The computer can concede to a human player, typically when down to a single Adept with no magical power to summon new pieces for several turns. If a player loses their last Adept but has one or more other pieces remaining, "the Masters intervene" triggering Apocalypse.

=== Combat ===
Pieces in battle are moved to an arena where their owners control them. Pieces can move and attack in eight directions. A chime sounds (higher for Order, lower for Chaos) when their attack has recharged. Attacks that land decrease the target's life bar. Once a life bar is depleted, the piece dies and is removed from the game. The survivor is returned to the board, its injuries persisting. Combat can end in a draw if both pieces die.

In Archon, a piece would either have a melee attack, a projectile, or deal damage in an area around itself. Adept elaborates on this. Chimeras cycle between two different projectiles and a melee attack, juggernauts transform to and from their own projectiles, and krakens' projectiles lose strength as they travel. Adepts can switch between moving the piece and guiding its projectile in flight, sirens must keep stationary to sing but automatically damage opponents as they do, and gorgons sap speed instead of health. The previous game's area-attacking pieces, phoenix and banshee, are revisited as firebirds, which can abort attacks, and wraiths, which drain health and are invisible save as they attack or reload (or against computer opponents). During Apocalypse, each side's health, attack power, and projectile speed depend on their stored magic, number of pieces on the board, and number of remaining Adepts.

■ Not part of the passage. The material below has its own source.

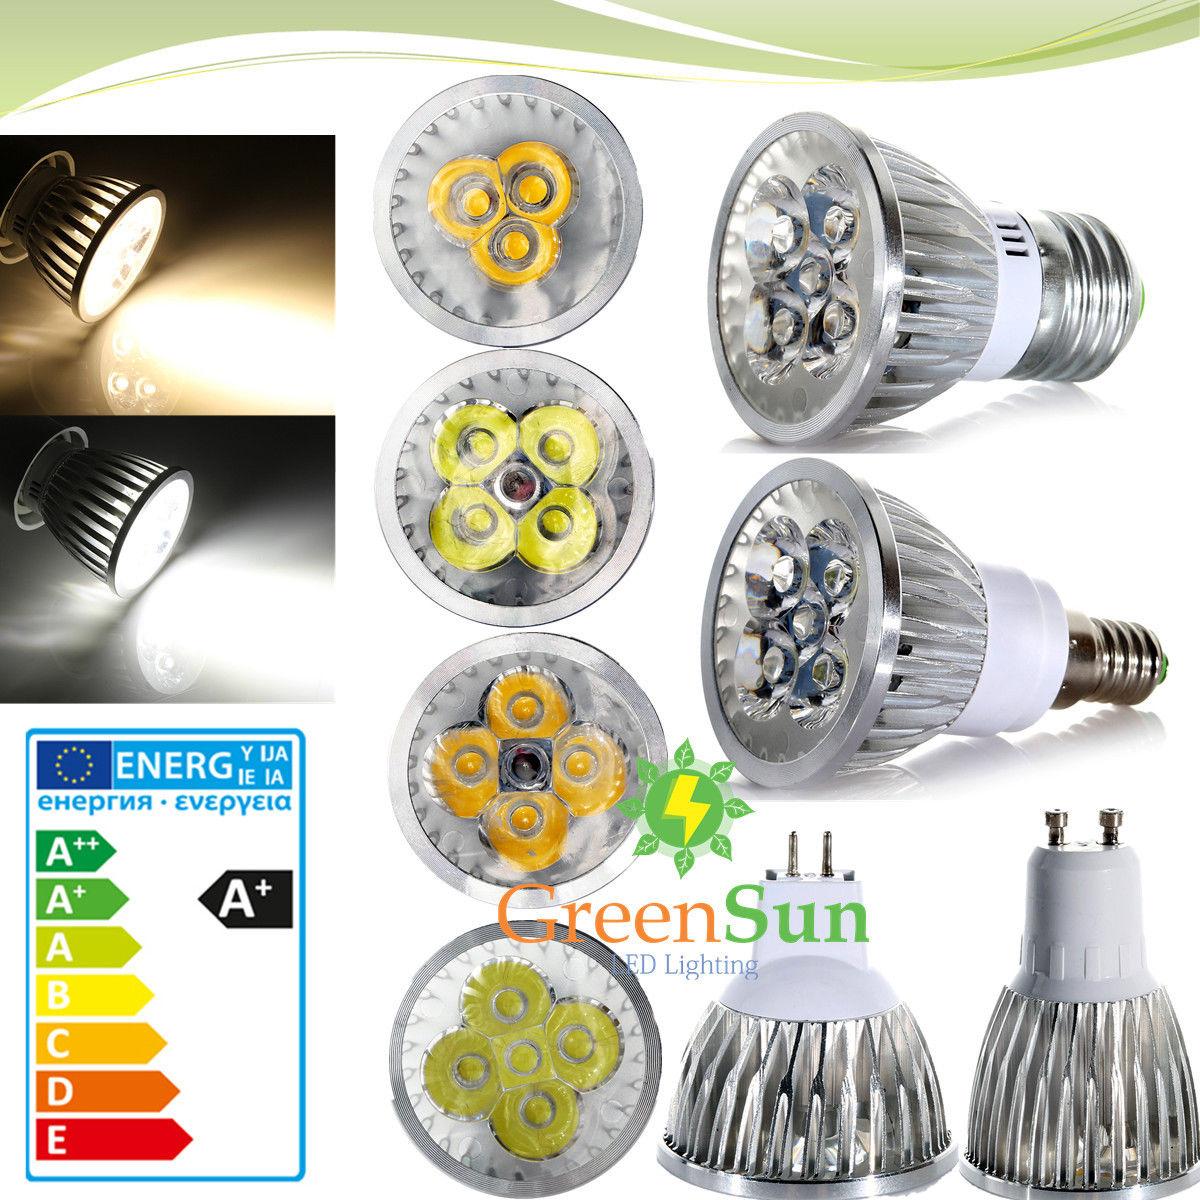 MR16 GU10 E27 E14 3W 4W 5W LED Spot Spotlight Light Lamp Bulb Warm/Cool white mr beams светильник mr beams spotlight led на батареях с сенсорами корпус белый

In Archon, the battlefield had obstacles that blocked pieces and projectiles. Adept builds on this as well. In Battles on Earth squares obstacles act as in Archon, in Water they slow, in Air they slow pieces and divert projectiles, and in Fire they admit projectiles but damage pieces. Void arenas are empty.

==Reception==
II Computing stated that the Apple II version of Archon II "is even more challenging than its predecessor, and features exciting innovations", and concluded, "It's good to see a sequel to a successful game that is not only as good as the first but extends the boundaries of the game's system." Ahoy! said that the Commodore 64 version's graphics were as excellent as the previous game, but that gameplay was inferior as "the laudable attempt to further differentiate the game from chess simply misfires ... Adept just isn't as much fun". Reviewing the Amiga version, Computer Gaming World recommended both Archon and Adept for those interested in challenging strategy games.